PROBLEM STATEMENT -> In the records below, find the line containing "Aus der Perspektive", then copy that line and all lines after it, exactly, omitting every picture.

(Excerpts from a dataset)

"""

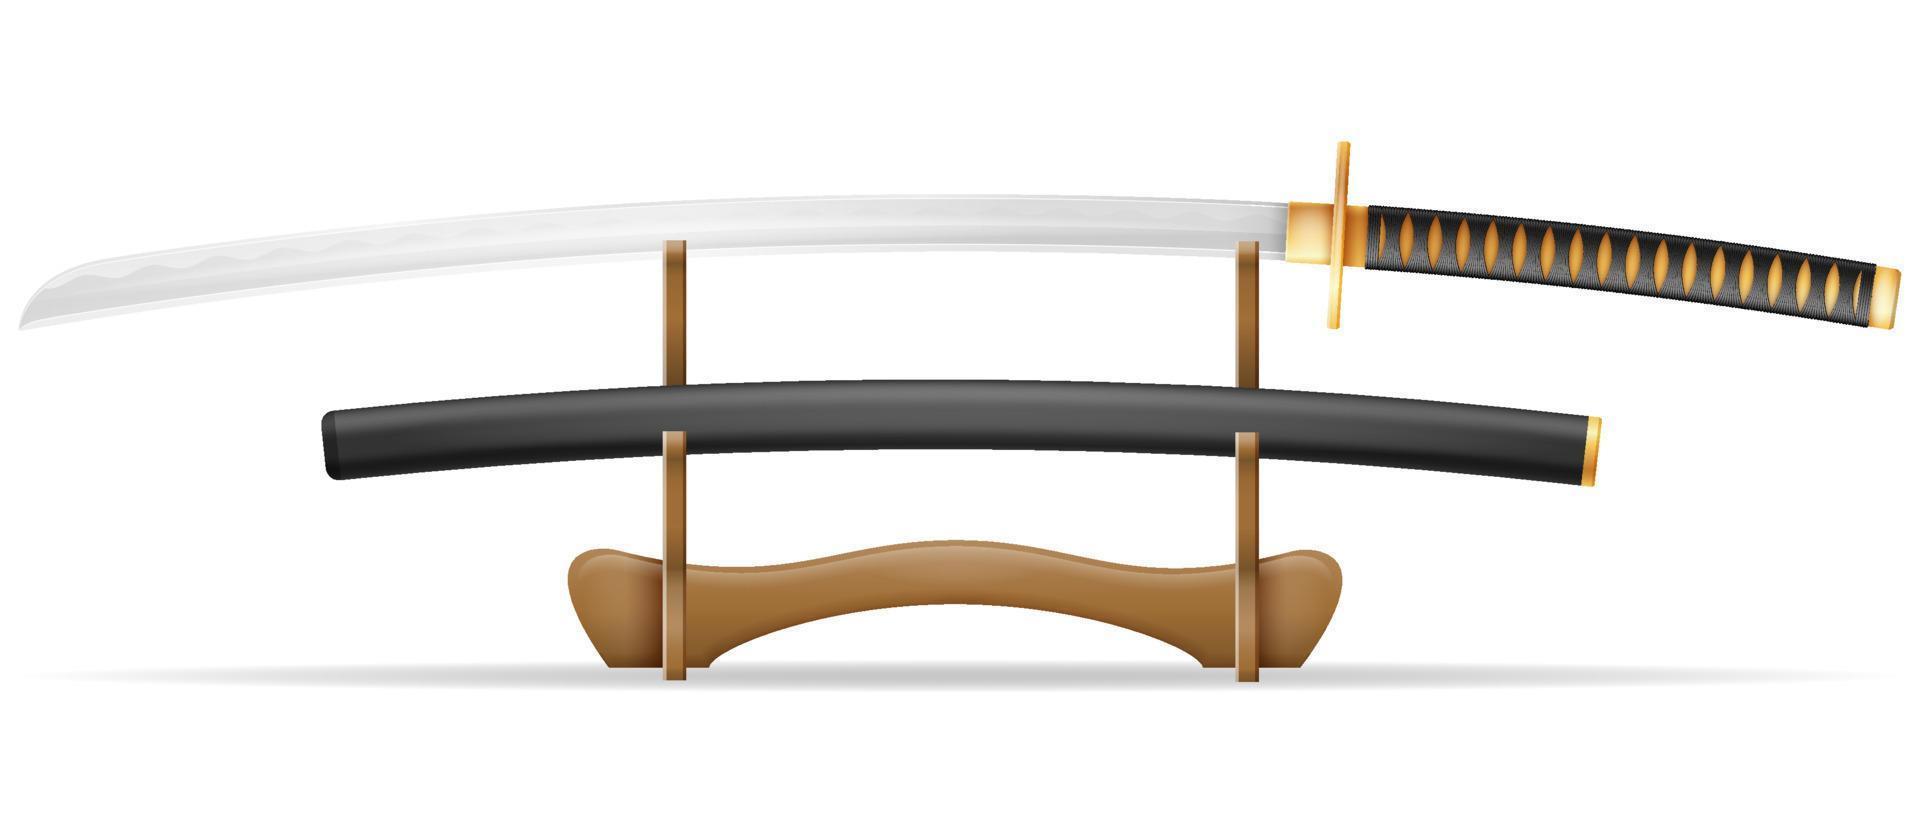 katana sword ninja weapon japanese warrior assassin vector illustration isolated on white background
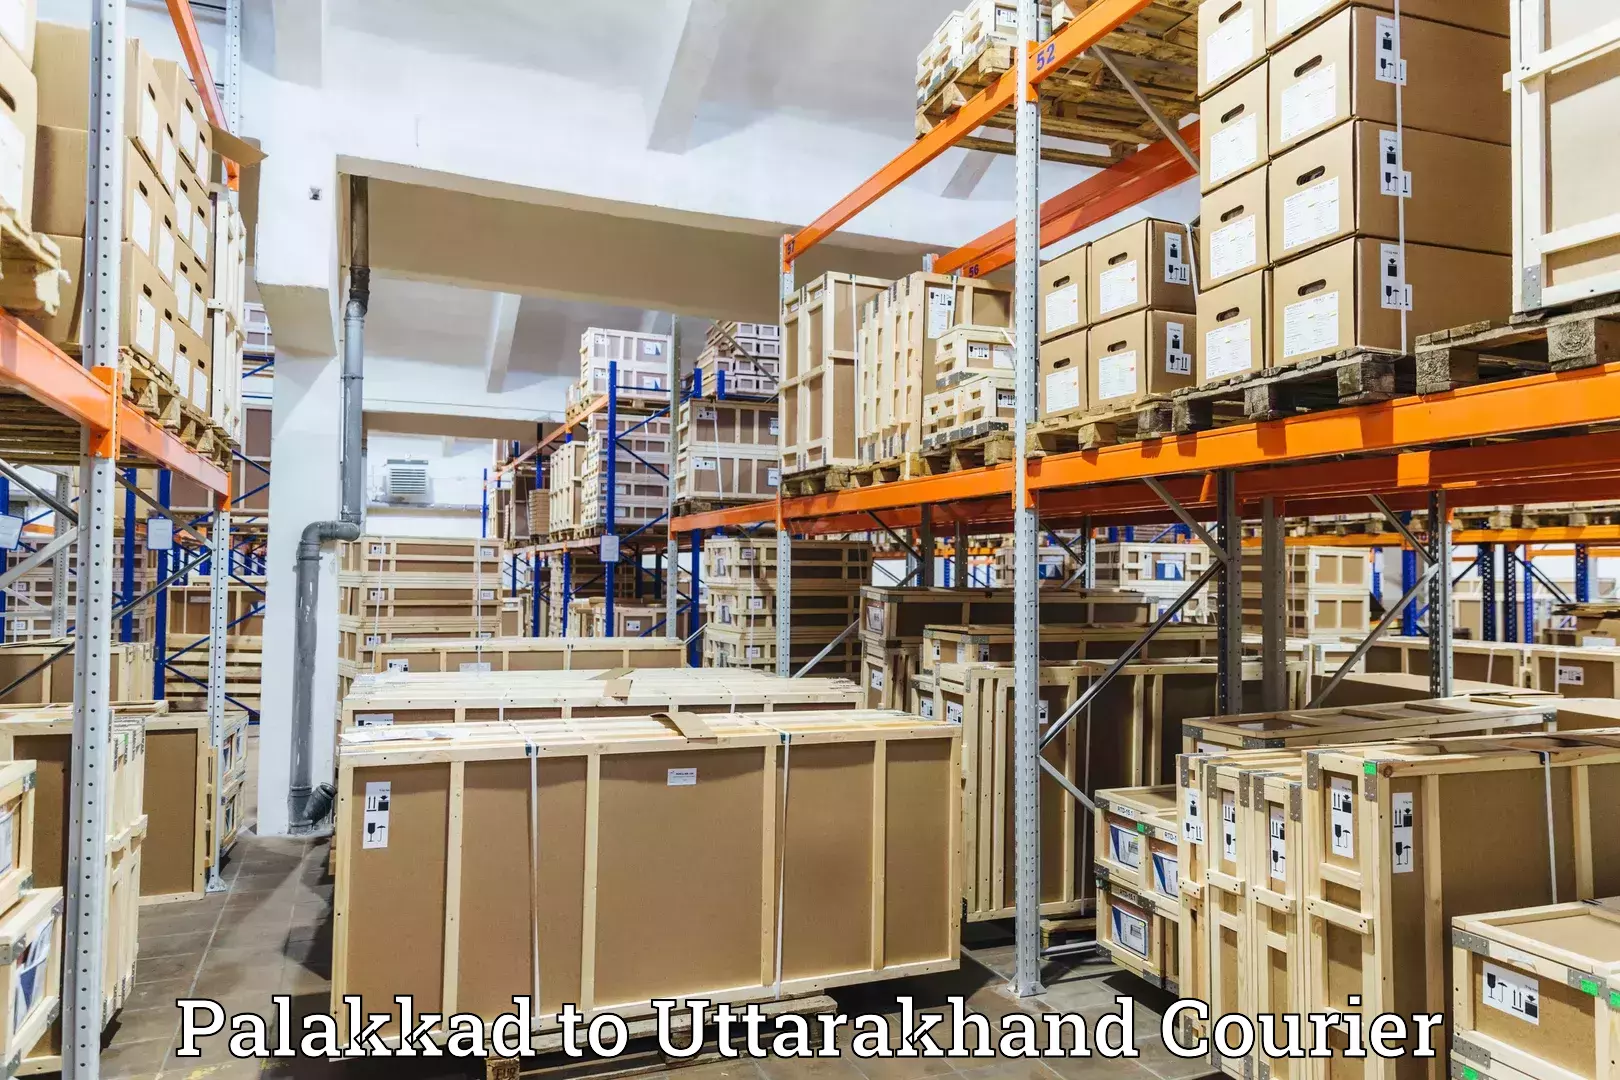 Advanced shipping technology Palakkad to Rishikesh
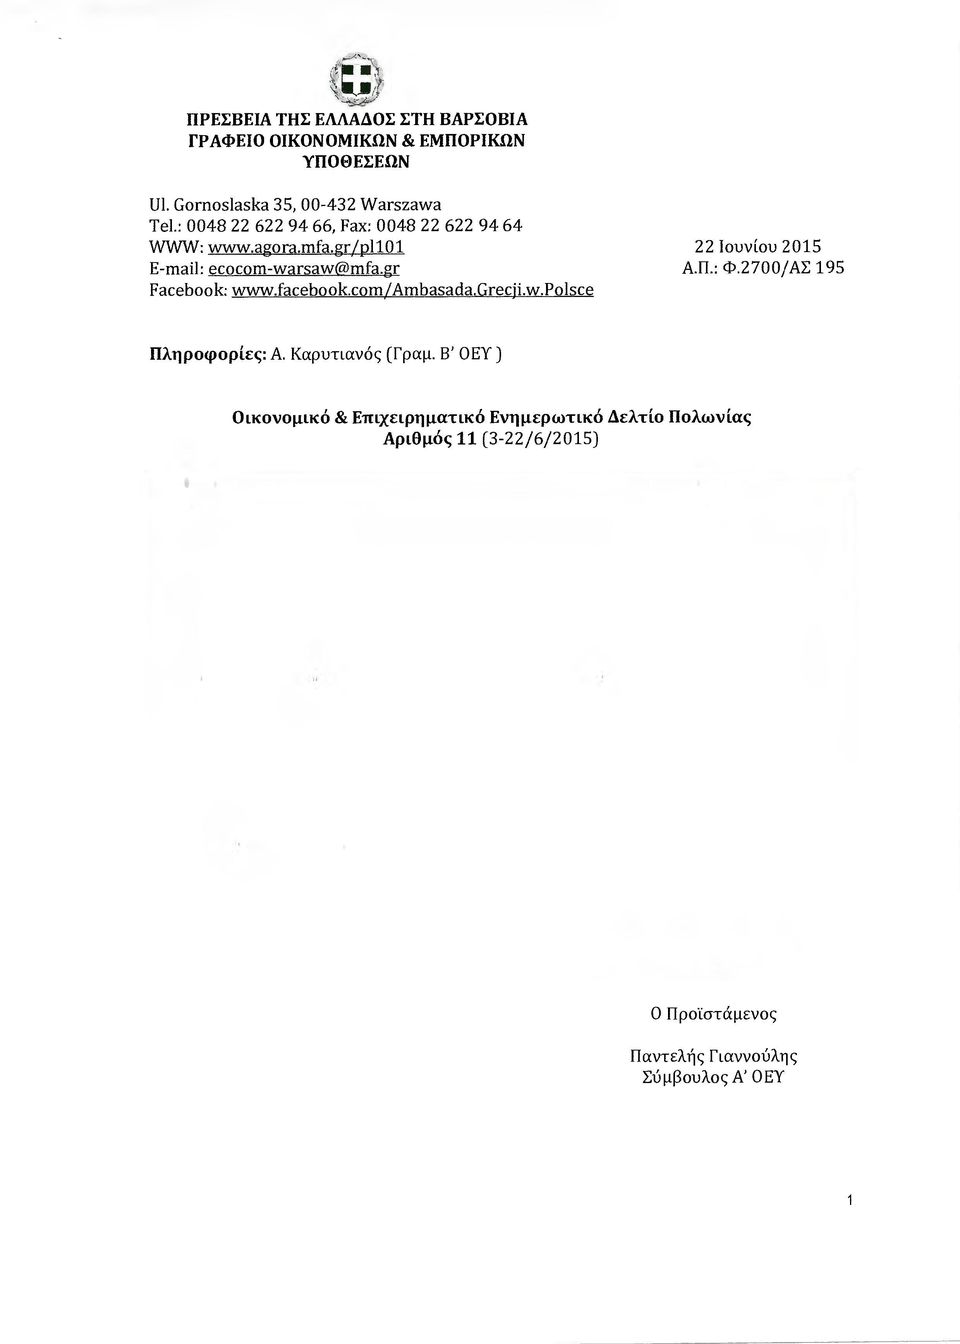 Β' ΟΕΥ ) Οικονοµικά & Επιχειρηµατικό Ενηµερωτικά ελτίο Πολωνίας Αριθµός 11 (3-22/6/2015) 1 Οικονοµικοί είκτες - ιαδικασία υπερβολικού ελλείµµατος -Ανεργ ία -Προβλέψεις ΟΟΣΑ/OECD -Μισθοί ηµοσίού
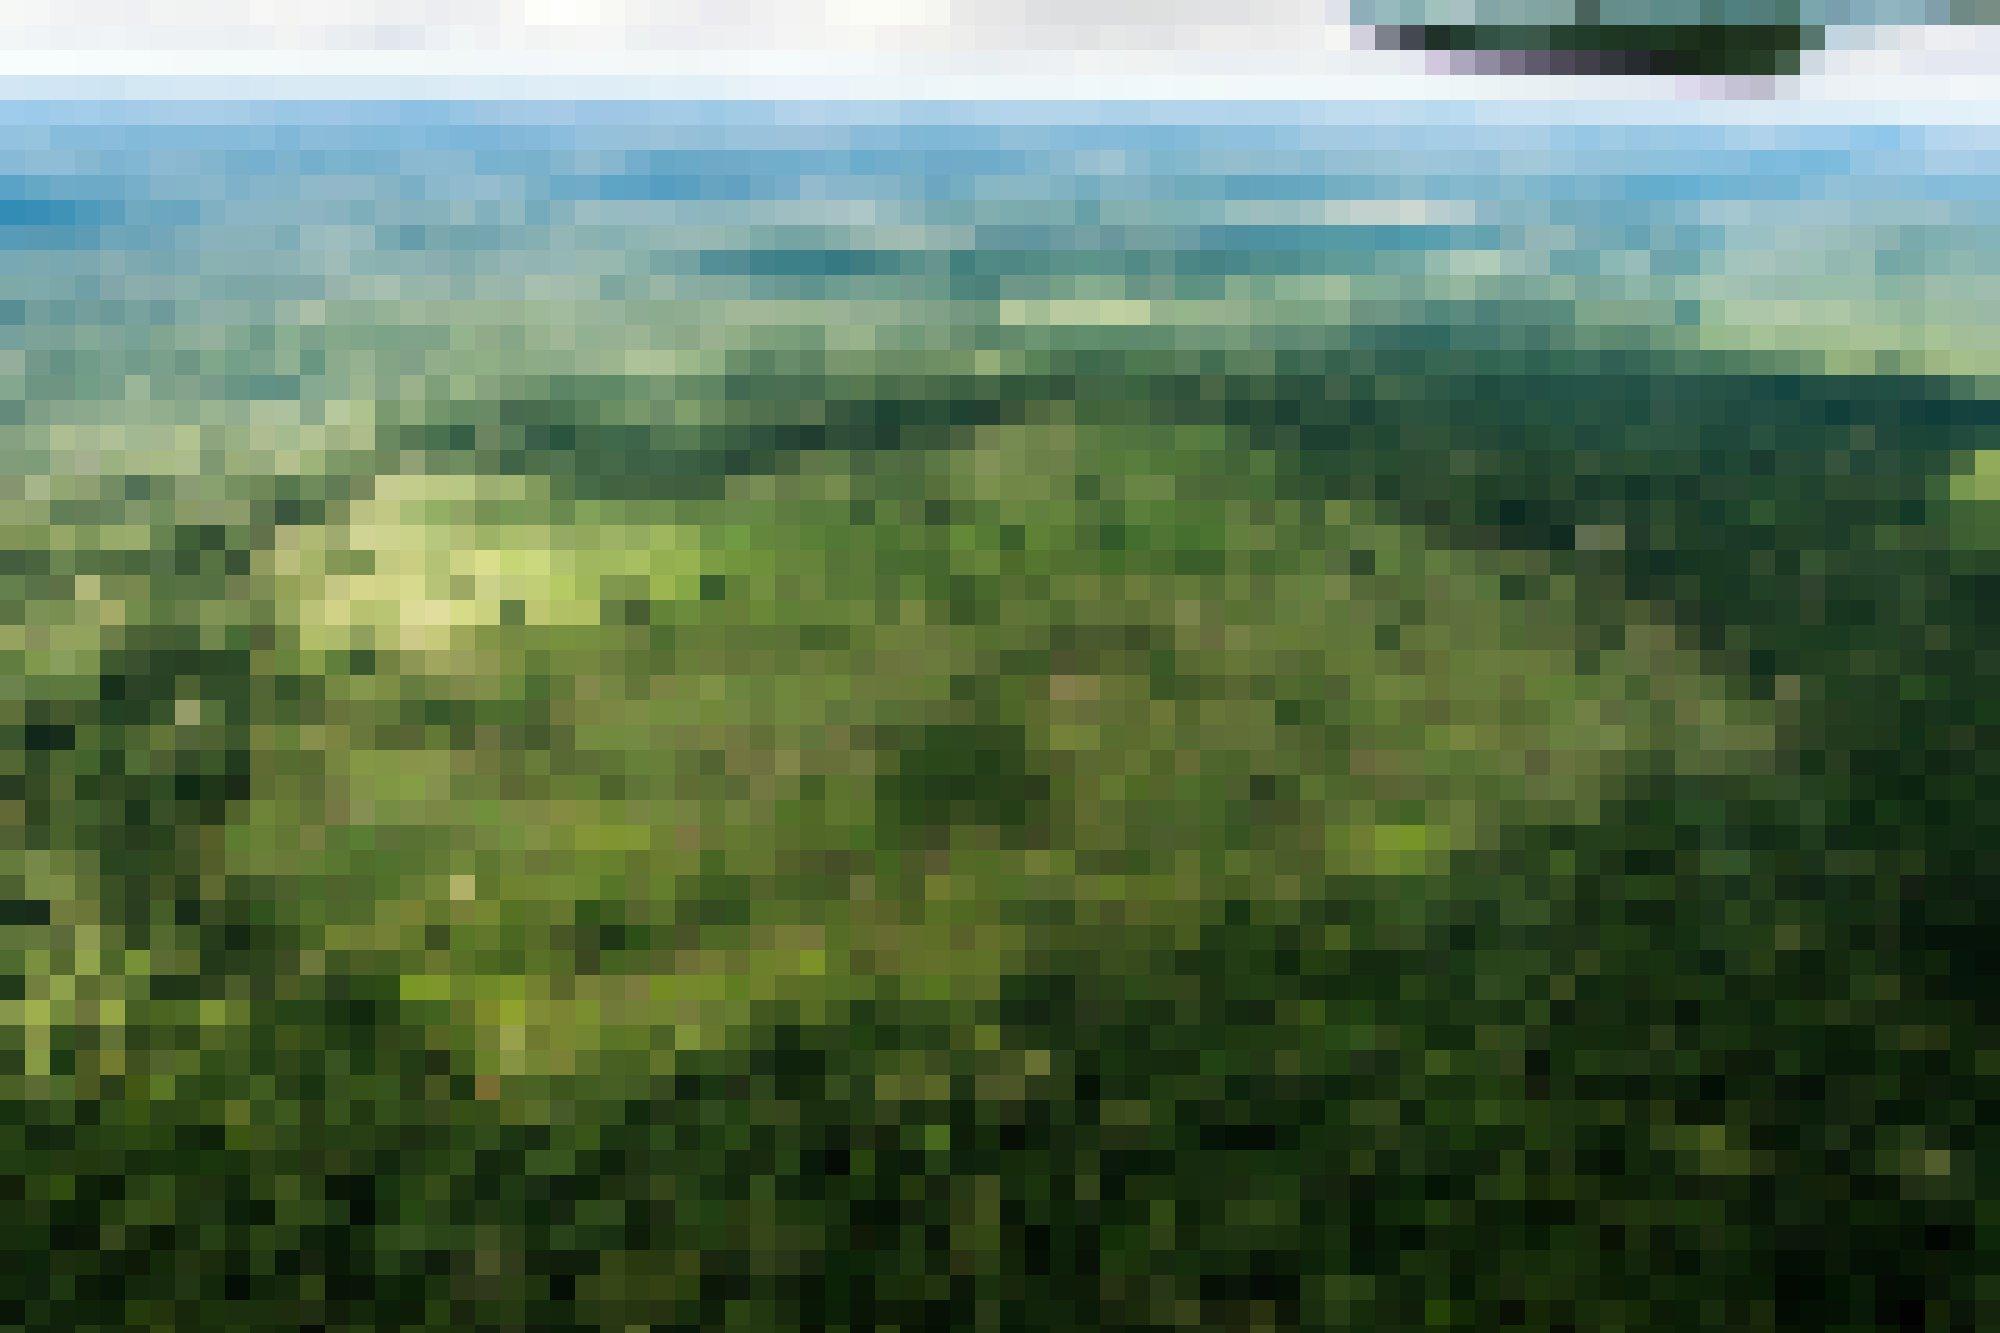 Aus der Perspektive des Überflugs sieht man zwei quadratische Blöcke, die aus dem Urwald gehauen wurden.
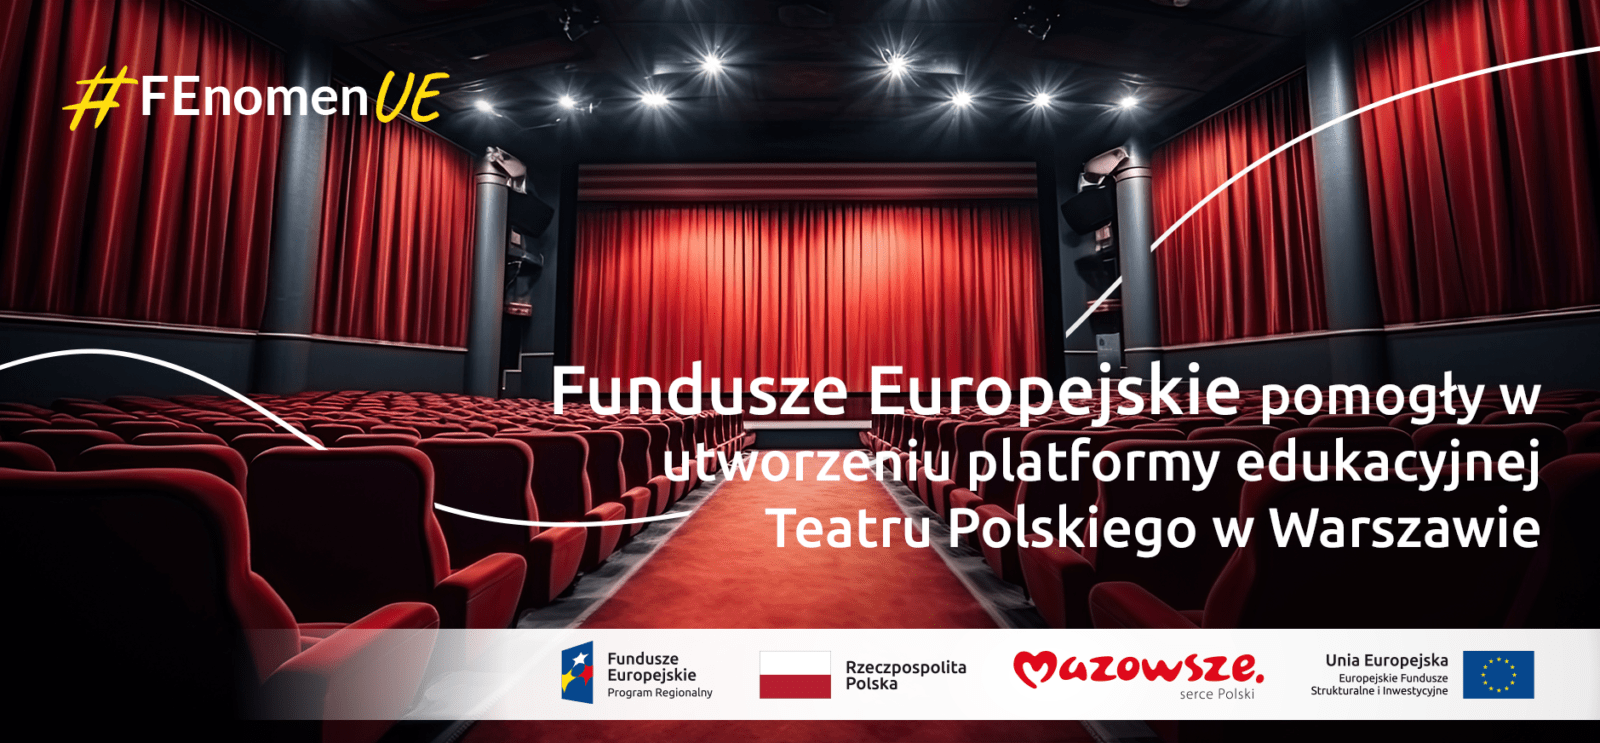 Hasło "Fundusze Europejskie pomogły w utworzeniu platformy edukacyjnej Teatru Polskiego w Warszawie #FEnomenUE", a w tle scena teatralna

"""

SOLVED PROBLEM ->
 Aus der Perspektive des Überflugs sieht man zwei quadratische Blöcke, die aus dem Urwald gehauen wurden.
 Hasło "Fundusze Europejskie pomogły w utworzeniu platformy edukacyjnej Teatru Polskiego w Warszawie #FEnomenUE", a w tle scena teatralna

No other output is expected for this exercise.